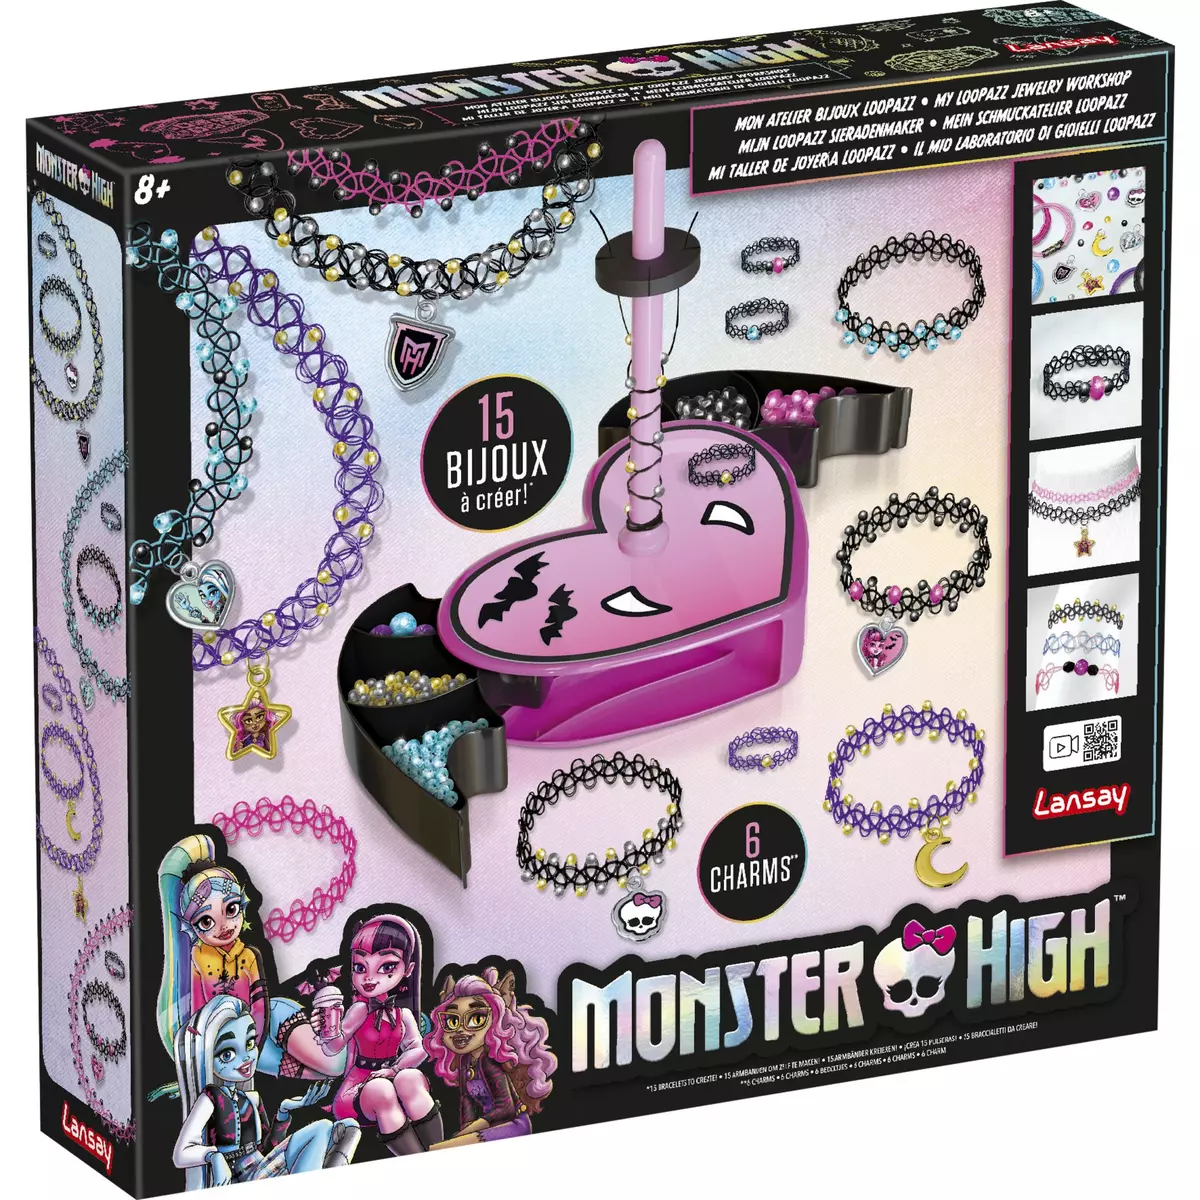 LANSAY Mon atelier à bijoux Loopazz 15 bijoux à créer Monster High
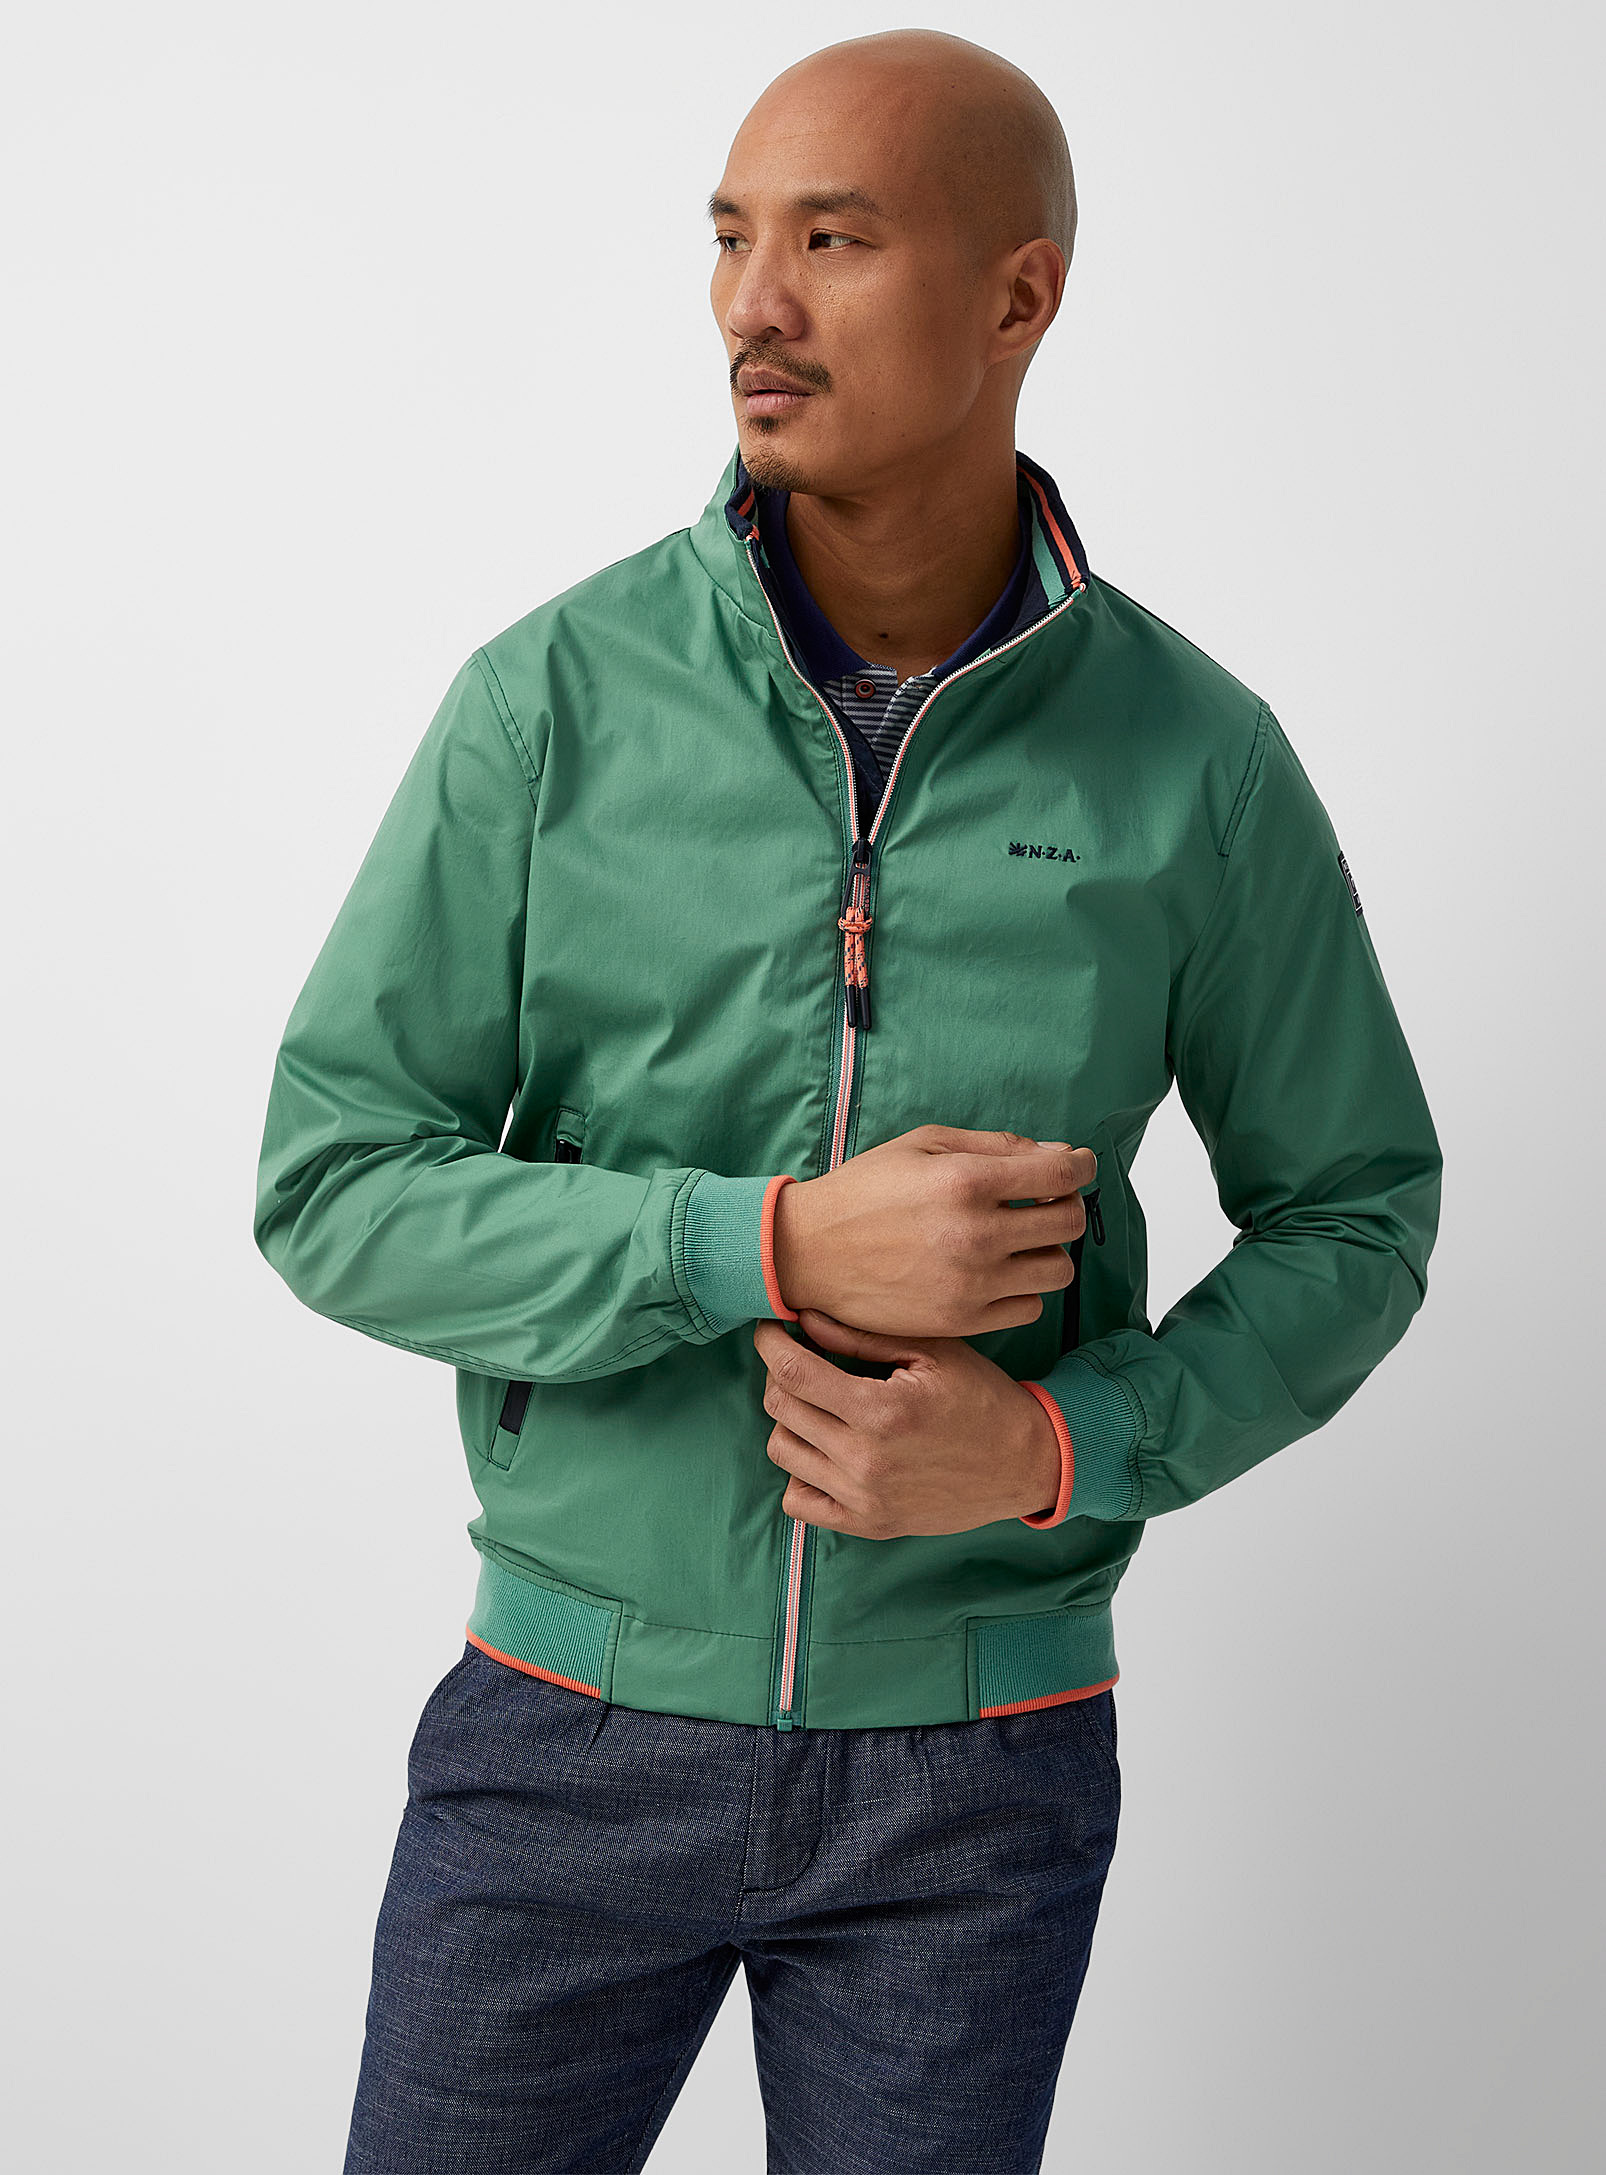 New Zealand Auckland - Men's Bold green high-neck lightweight jacket
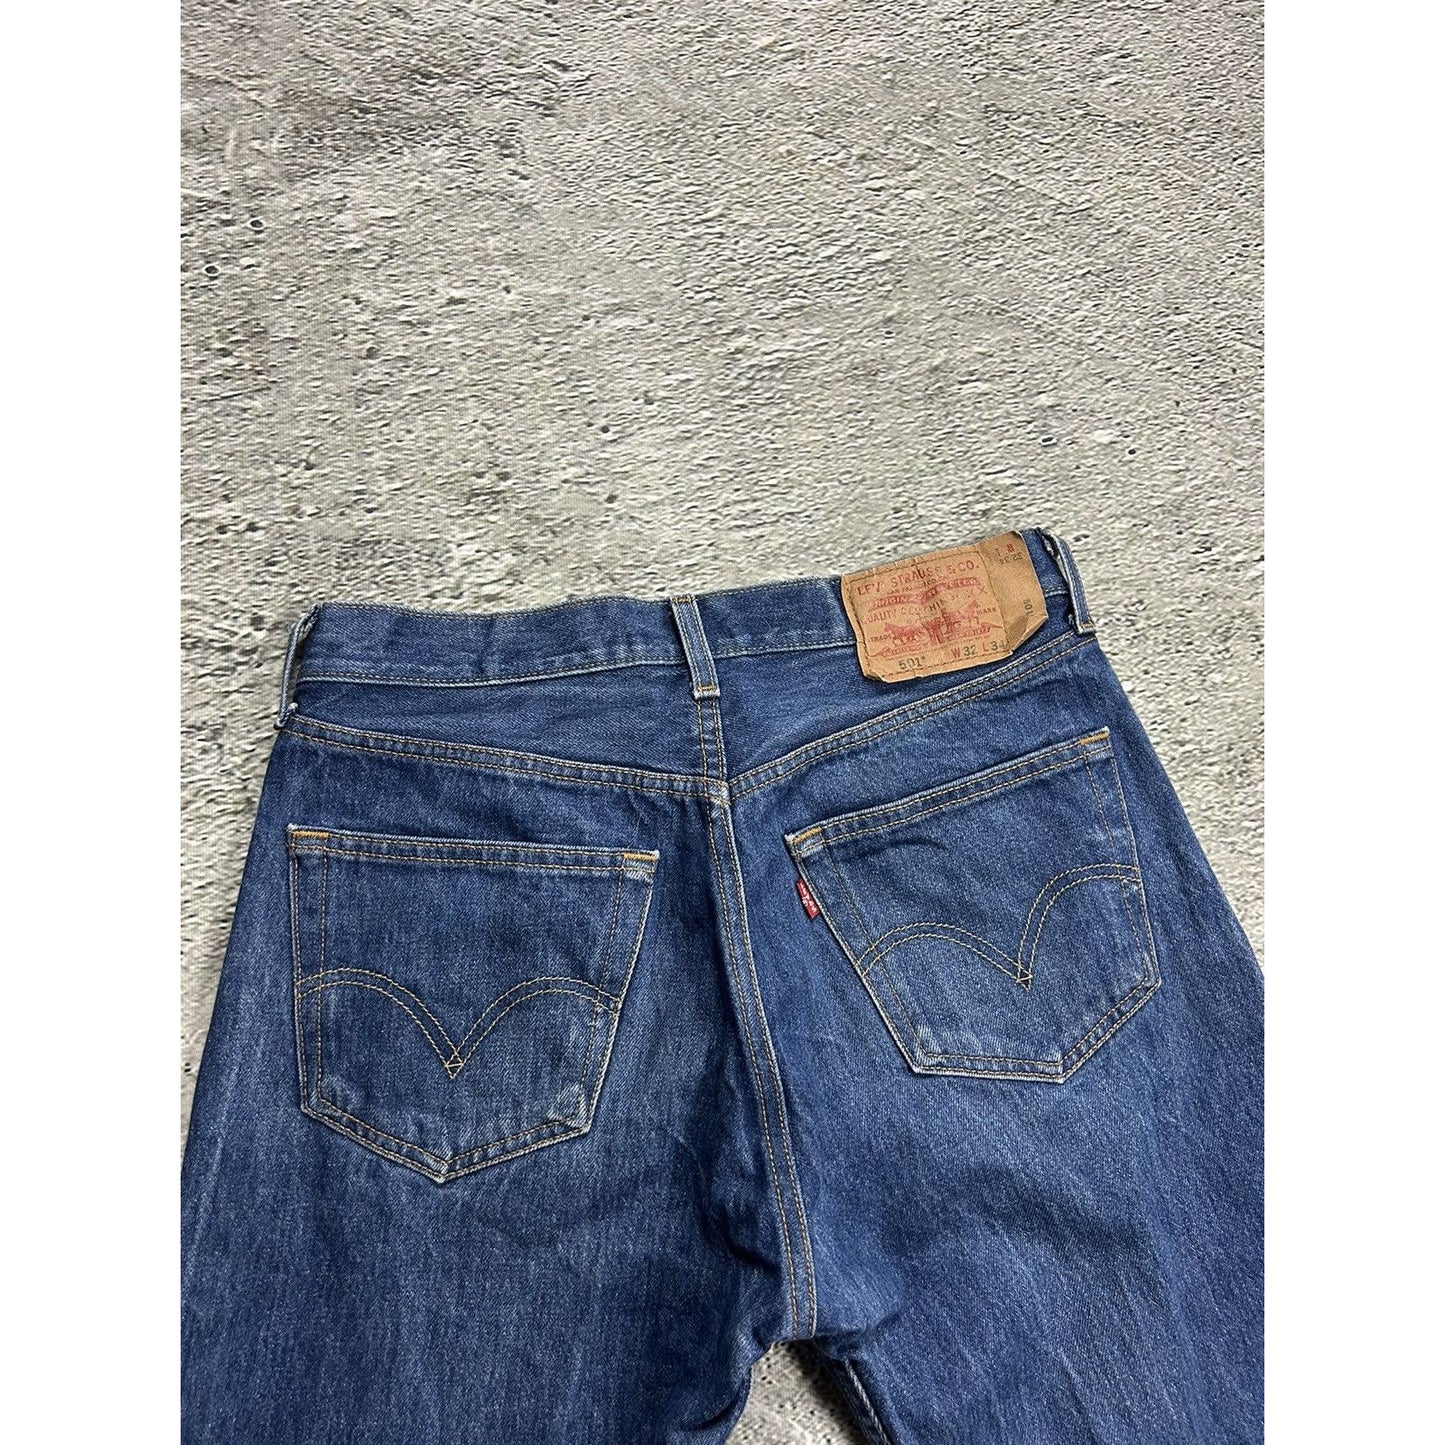 Levi’s 501 vintage navy jeans denim pants
● ● ● ● ●
▸ What you have to do
Would you retype the material exactly, omitting each picture?

▸ Response to this exercise
 LANSAY Mon atelier à bijoux Loopazz 15 bijoux à créer Monster High
 New Zealand Auckland - Men's Bold green high-neck lightweight jacket
 Levi’s 501 vintage navy jeans denim pants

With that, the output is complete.